If pictures appear in the lines below, skip them and copy exactly the lines from the one containing "Atrium Elevations and Details" through the one containing "Moroccan theme table setting", and nothing else.

▶ DATA SUPPLIED:
== Segment start ==
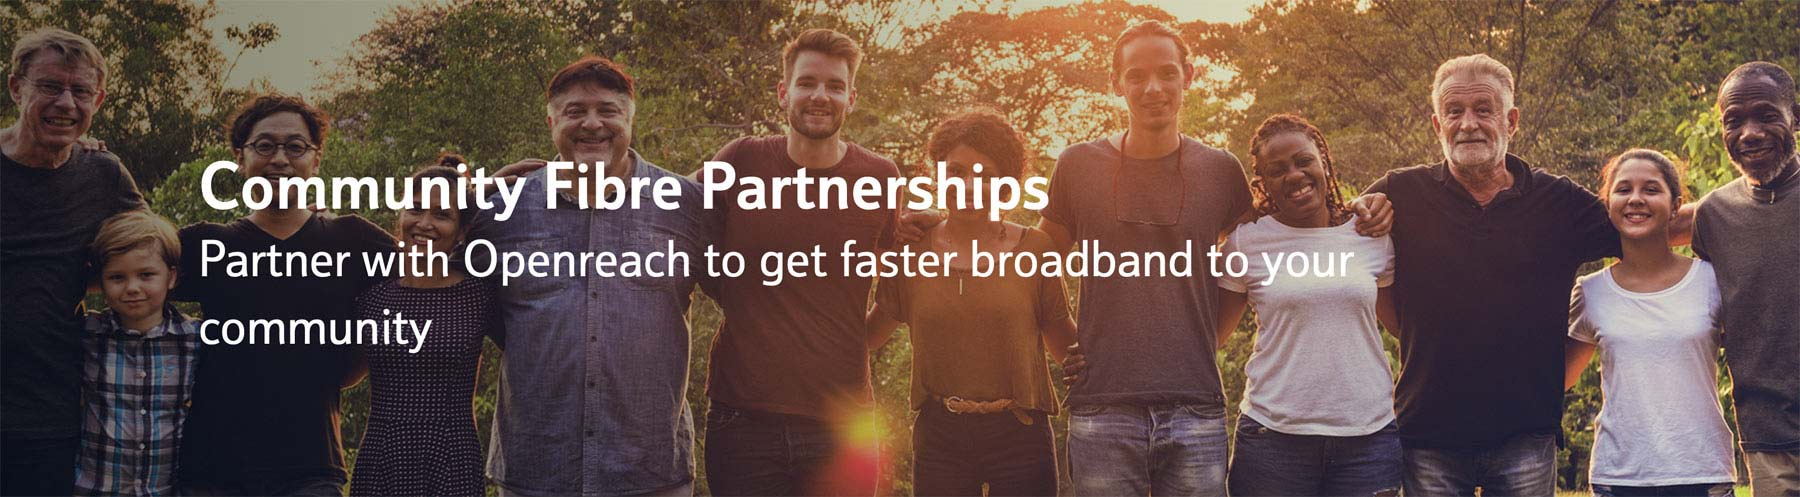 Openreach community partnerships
== Segment end ==
== Segment start ==
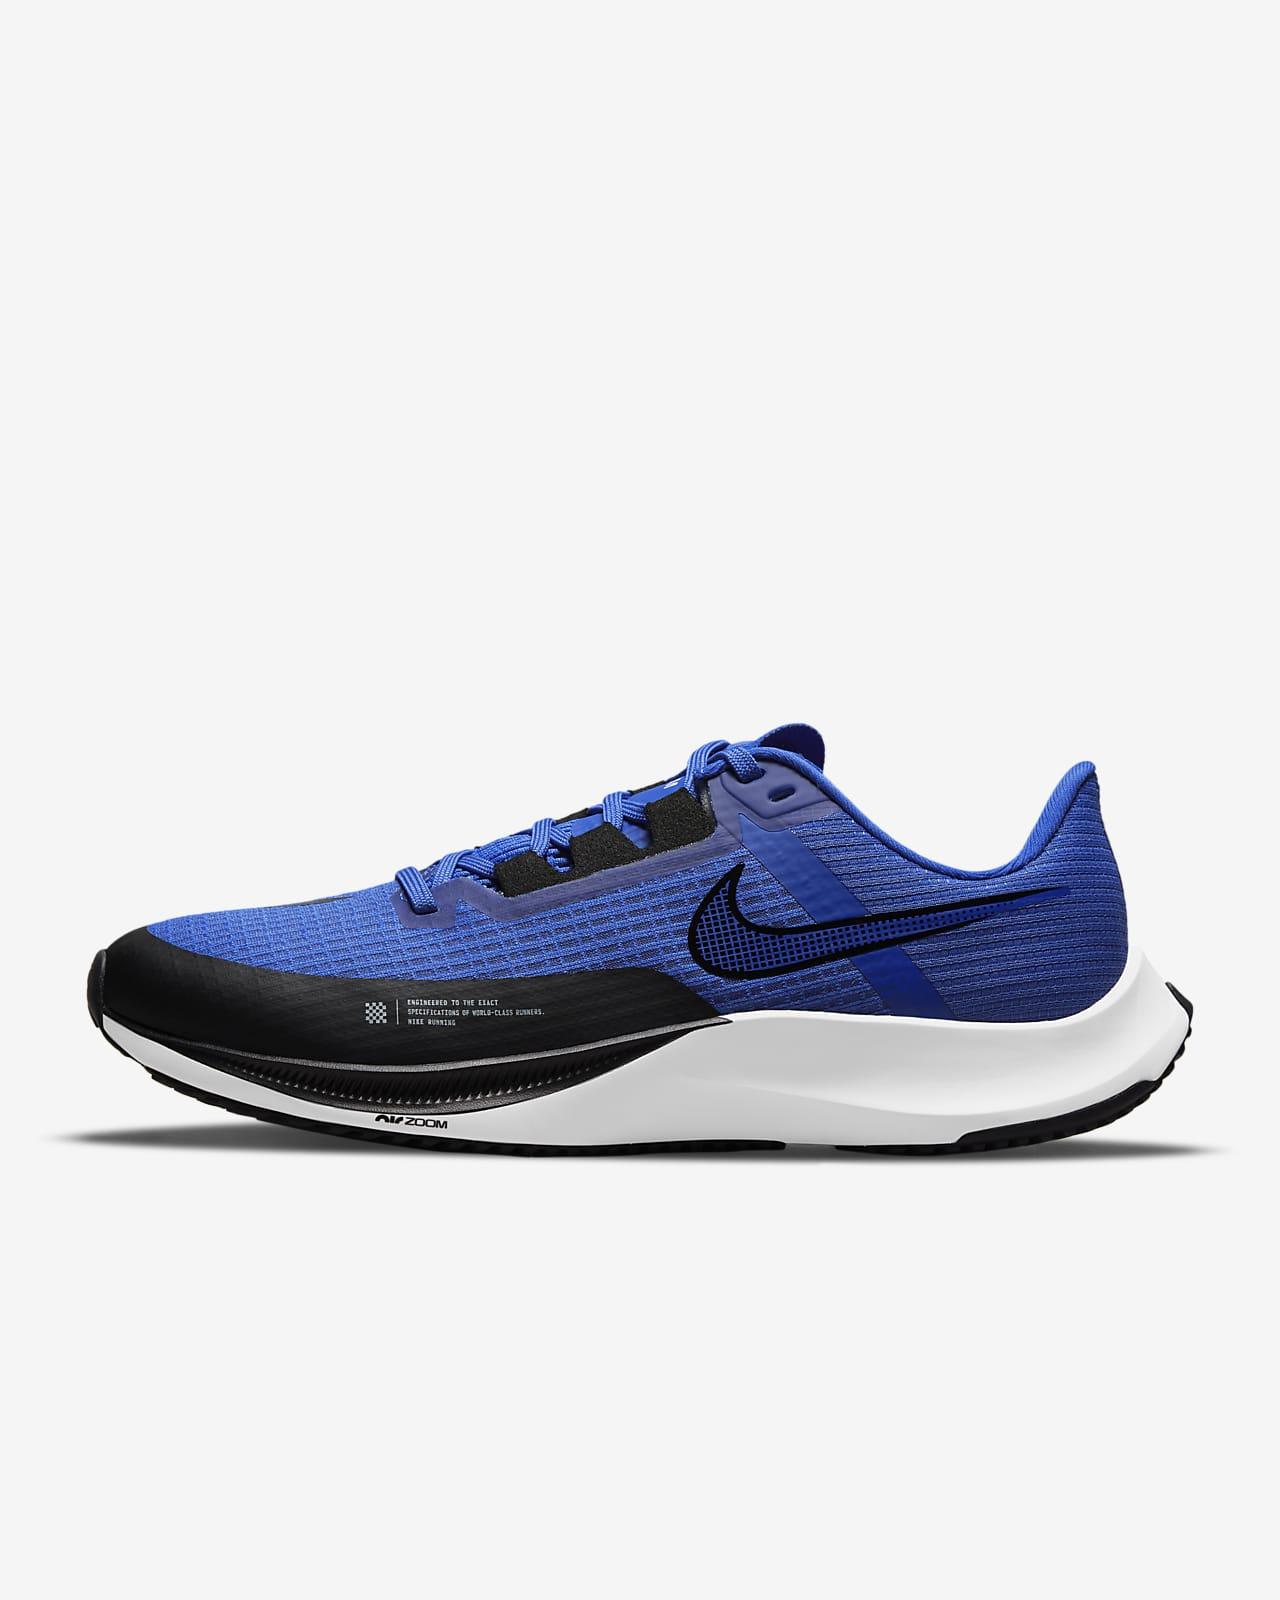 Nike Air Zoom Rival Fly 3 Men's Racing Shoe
== Segment end ==
== Segment start ==
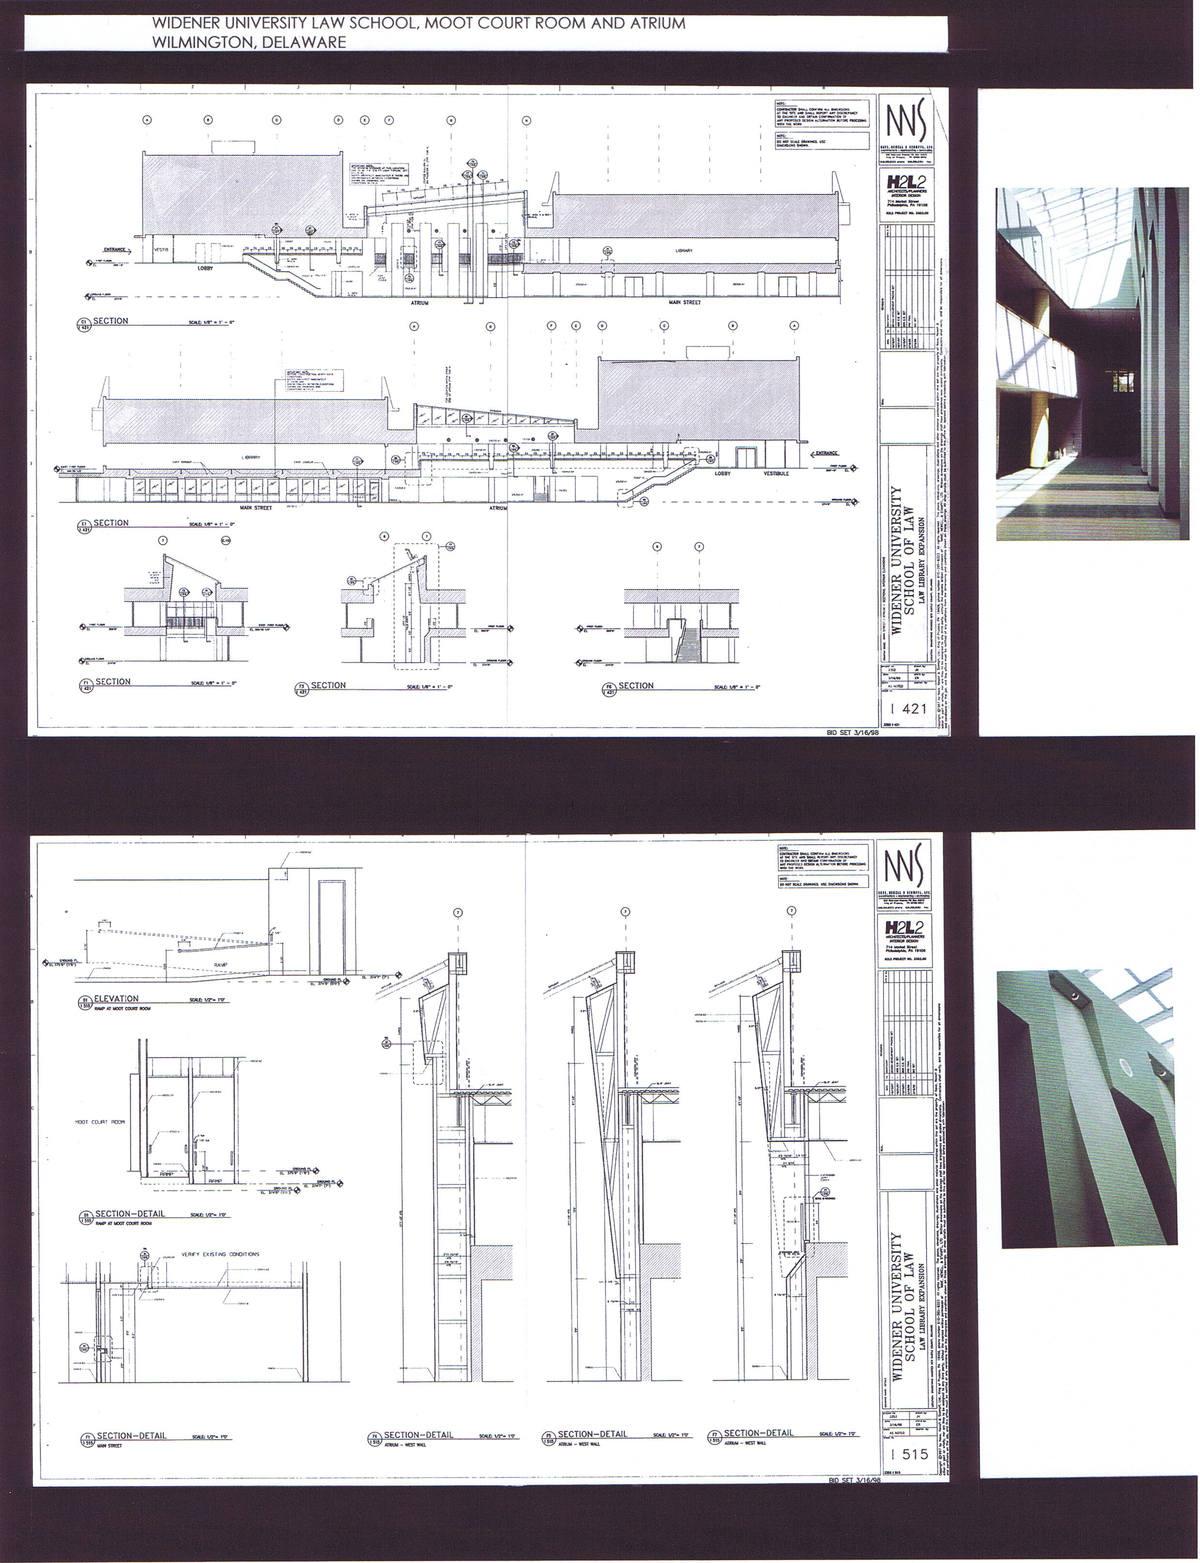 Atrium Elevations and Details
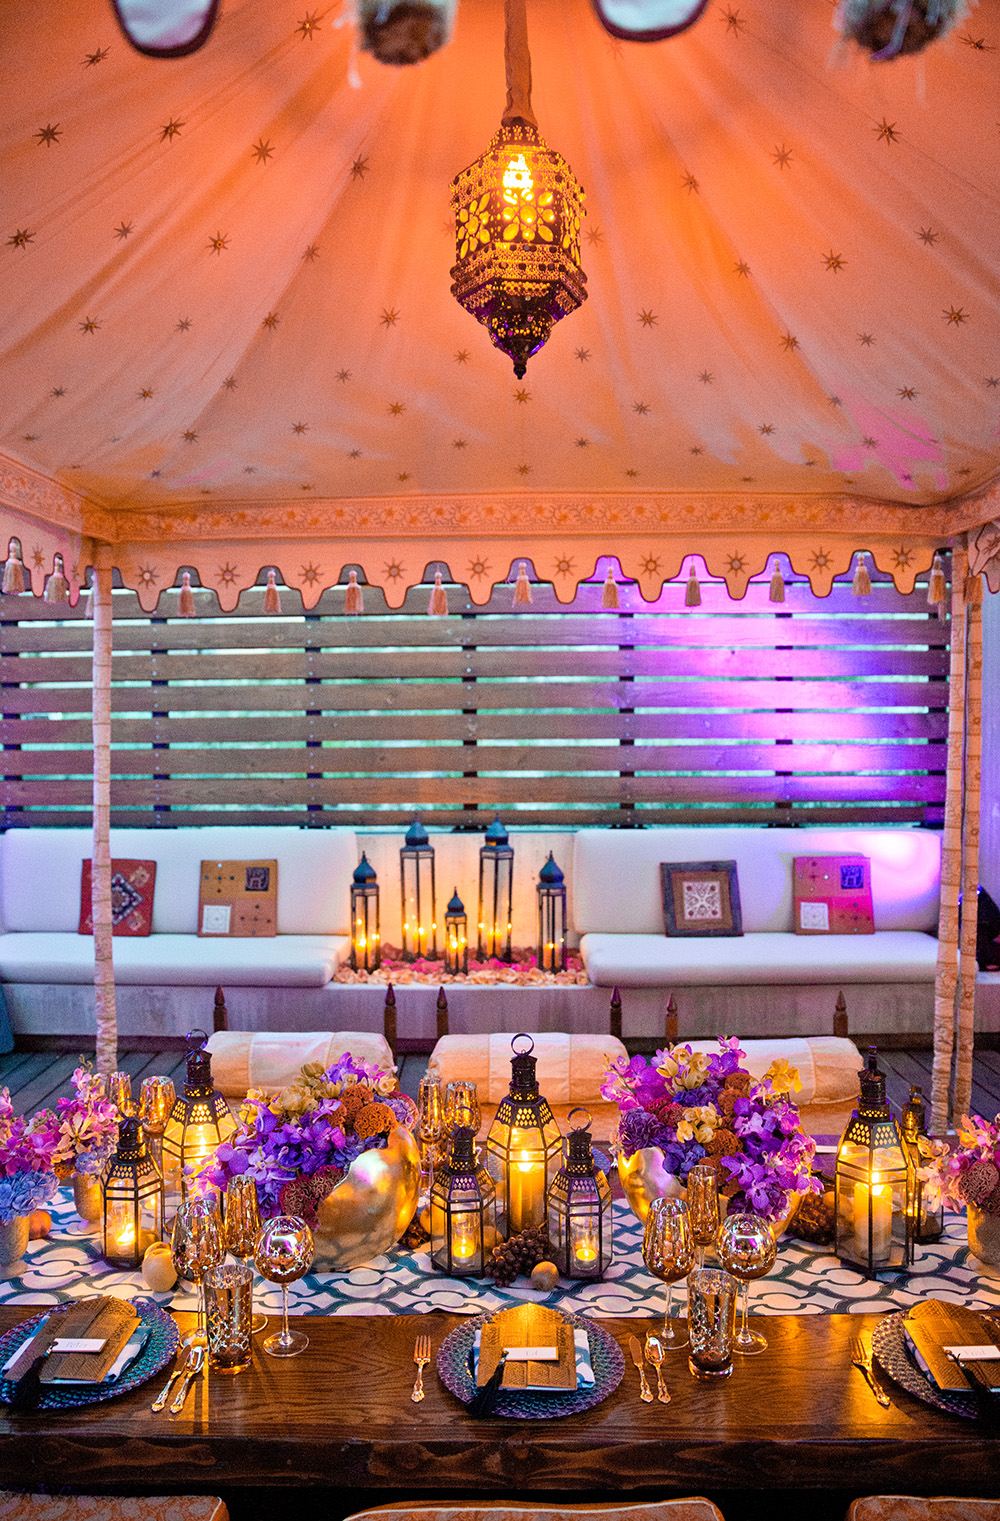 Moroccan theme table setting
== Segment end ==
▶ YOUR SOLUTION:
 Atrium Elevations and Details
 Moroccan theme table setting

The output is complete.